2014-02-09 Thread Aseem Mohanty
As far as I understand it, its just a helper to initialize a new object.
Some things to keep in mind:

- You don't /have/ to provide all parameters, if some of your columns have
default values you can only provide the required set of arguments
- You don't /have/ to do that but then when you want to setup a new model
object you will have to initialize them one by one:
places = Places()
places.url = ...
places.title = ...
 and so on and so forth.

HTH
AM


On Sun, Feb 9, 2014 at 11:13 PM, Bao Niu niuba...@gmail.com wrote:

 I'm new to sqlalchemy. I tried to search this question but didn't come up
 with accurate search terms. So I come here for some help from real people
 instead of search engine.
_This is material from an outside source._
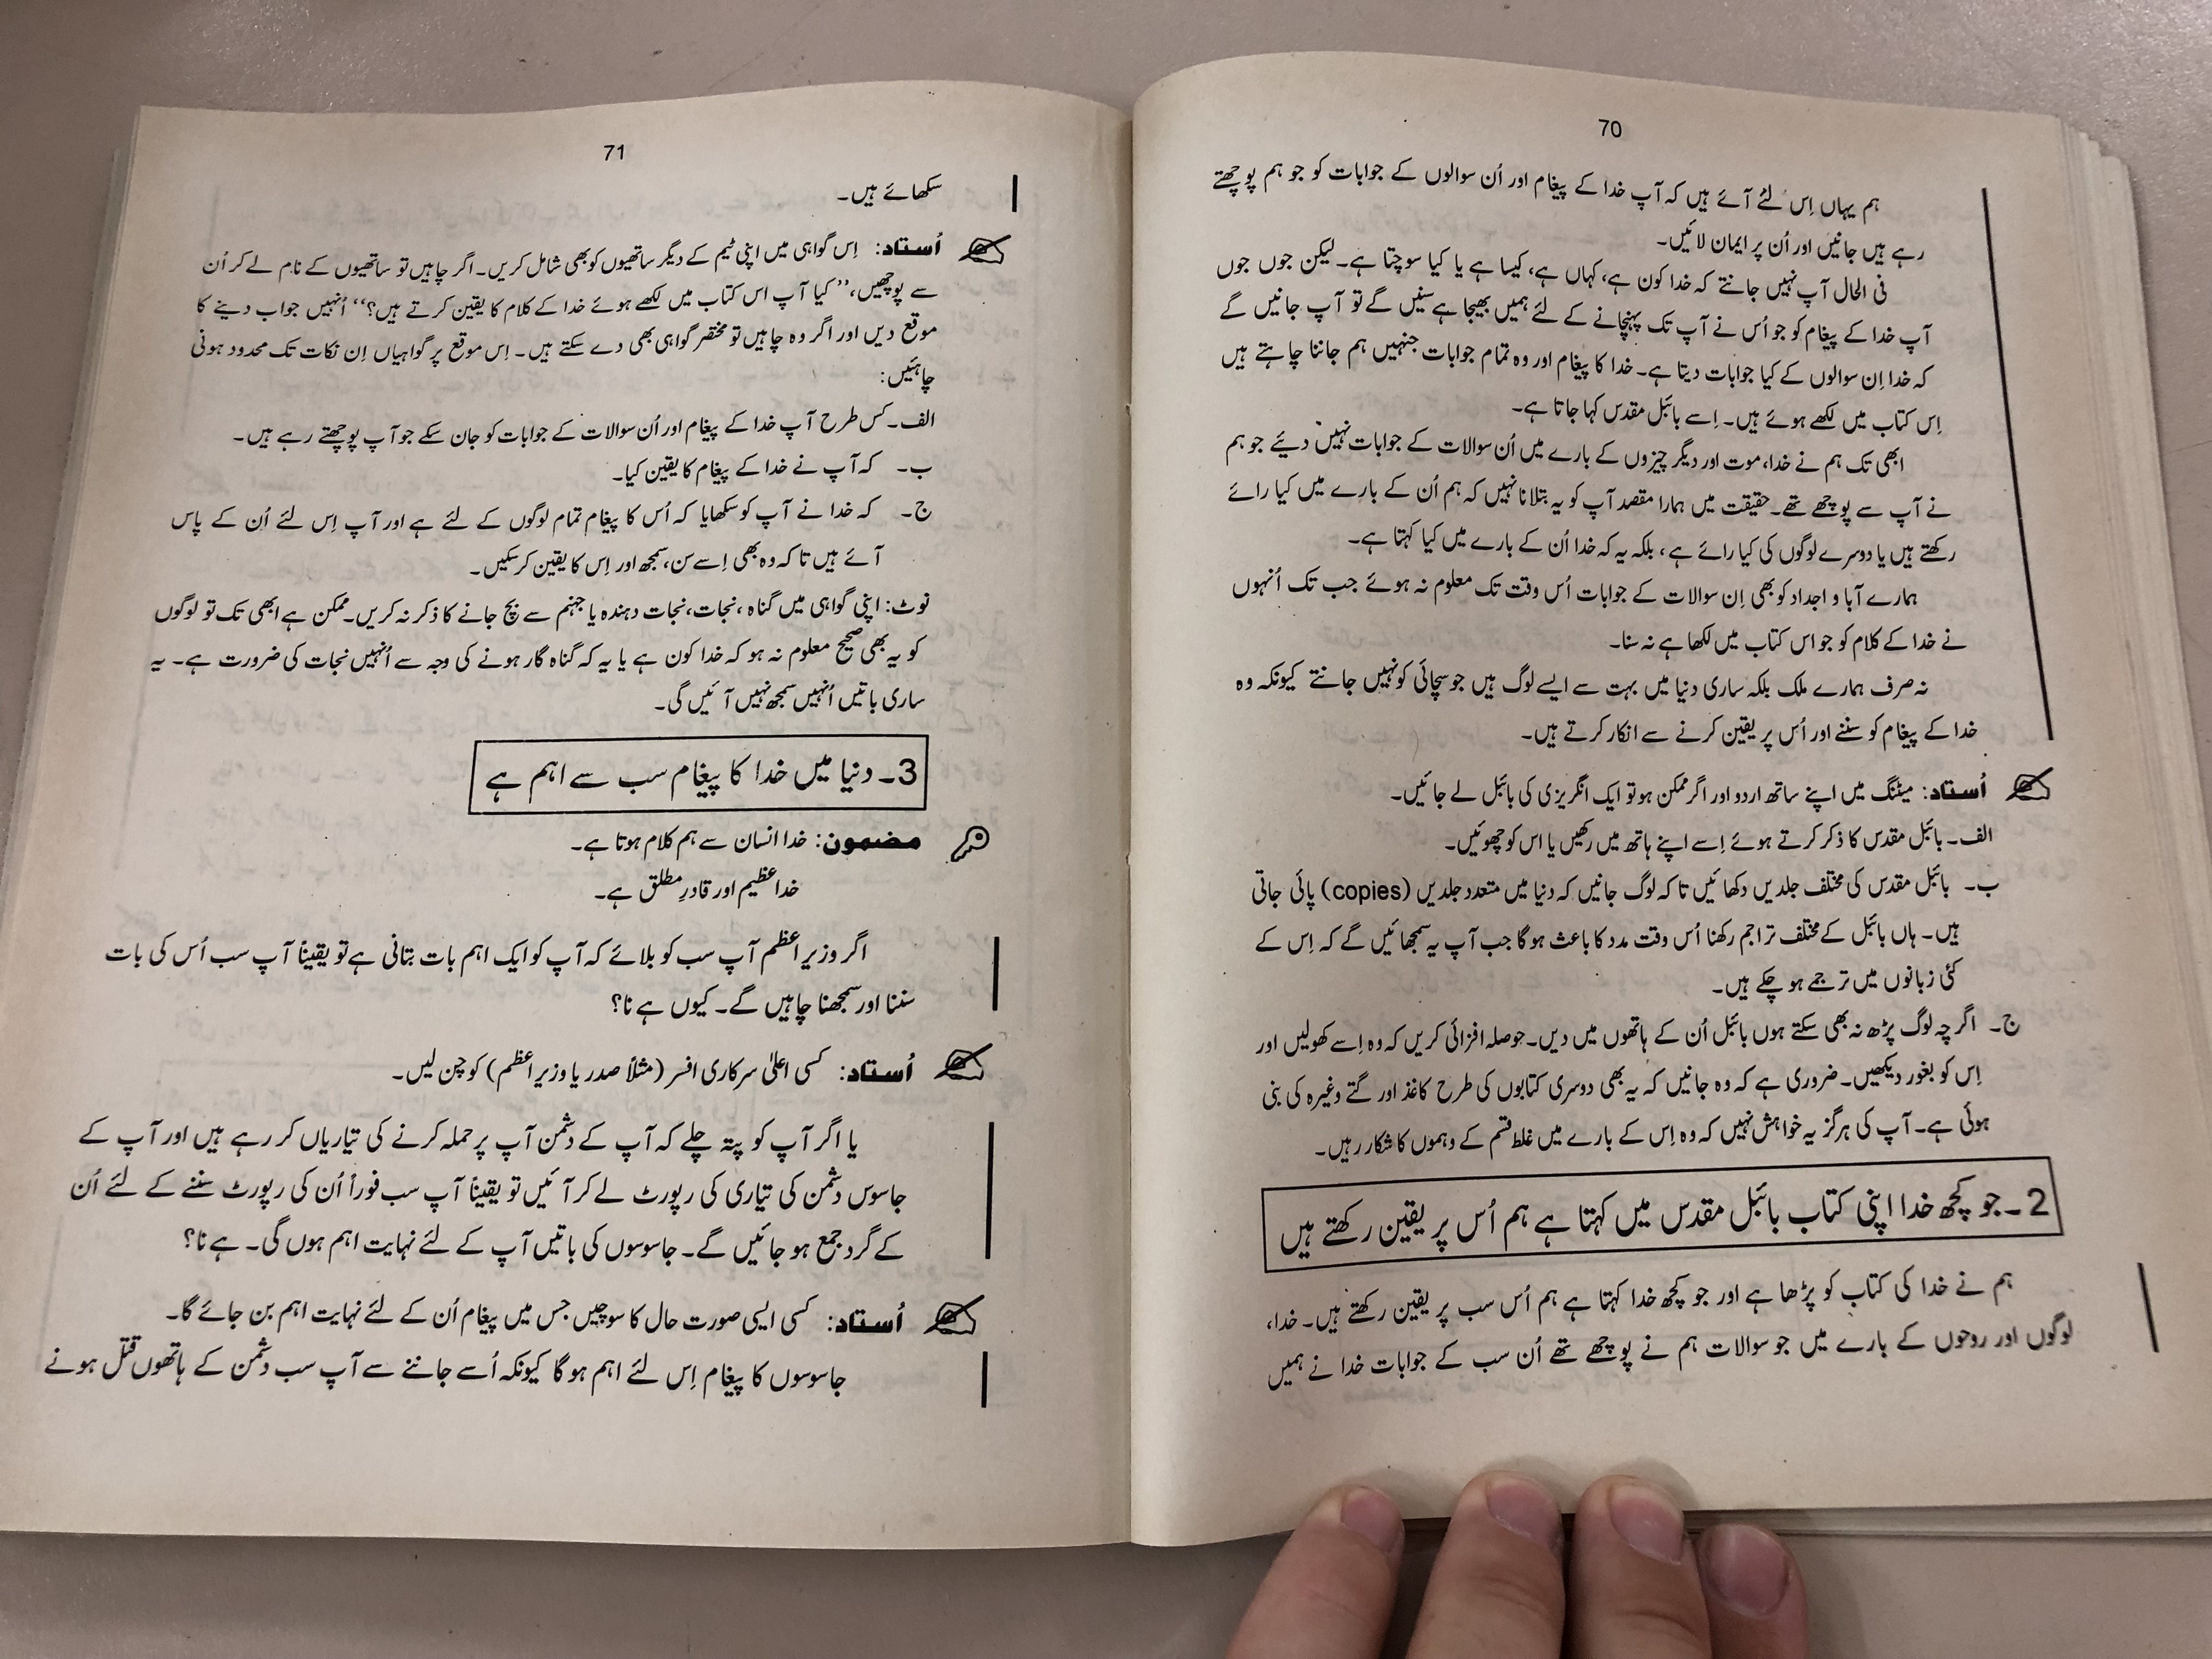 building-on-firm-foundations-vol.1-by-trevor-mcilwain-urdu-edition-evangelism-the-old-testament-pakistan-2007-6-.jpg
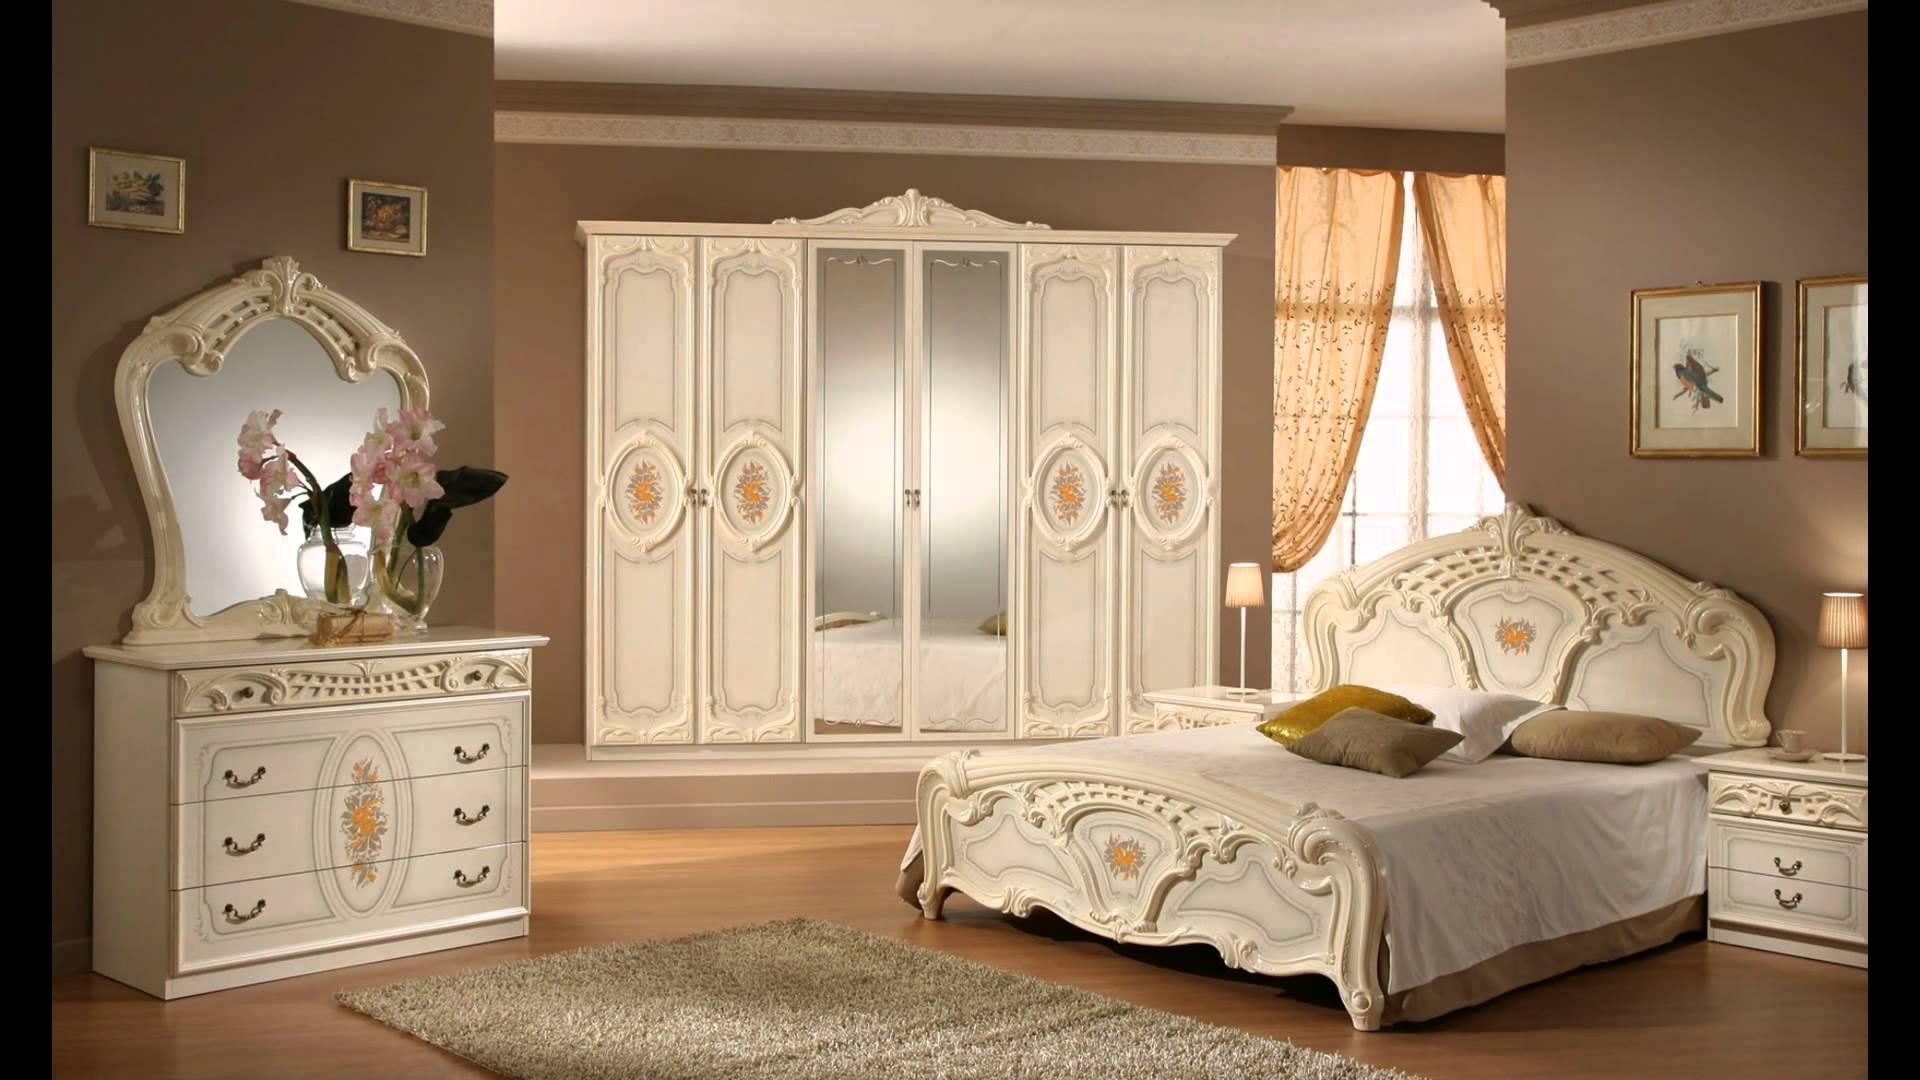 صور اثاث غرف نوم , كتالوج احدث تصاميم غرف نوم

For the following code:

 class Places(Base):

 

 __tablename__ = 'moz_places'



 id = Column(Integer, primary_key=True)

 url = Column(String)

 title = Column(String)

 rev_host = Column(String)

 visit_count = Column(Integer)

 hidden = Column(Integer)

 typed = Column(Integer)




 #--

 def __init__(self, id, url, title, rev_host, visit_count,

  hidden, typed):

 

 self.id = id

 self.url = url

 self.title = title

 self.rev_host = rev_host

 self.visit_count = visit_count

 self.hidden = hidden

 self.typed = typed


 If I already defined each column names as class variable,  why do I still
 need to re-define each of them as instance variables? I just can't
 understand the reason. Any hint would be highly appreciated. Thanks.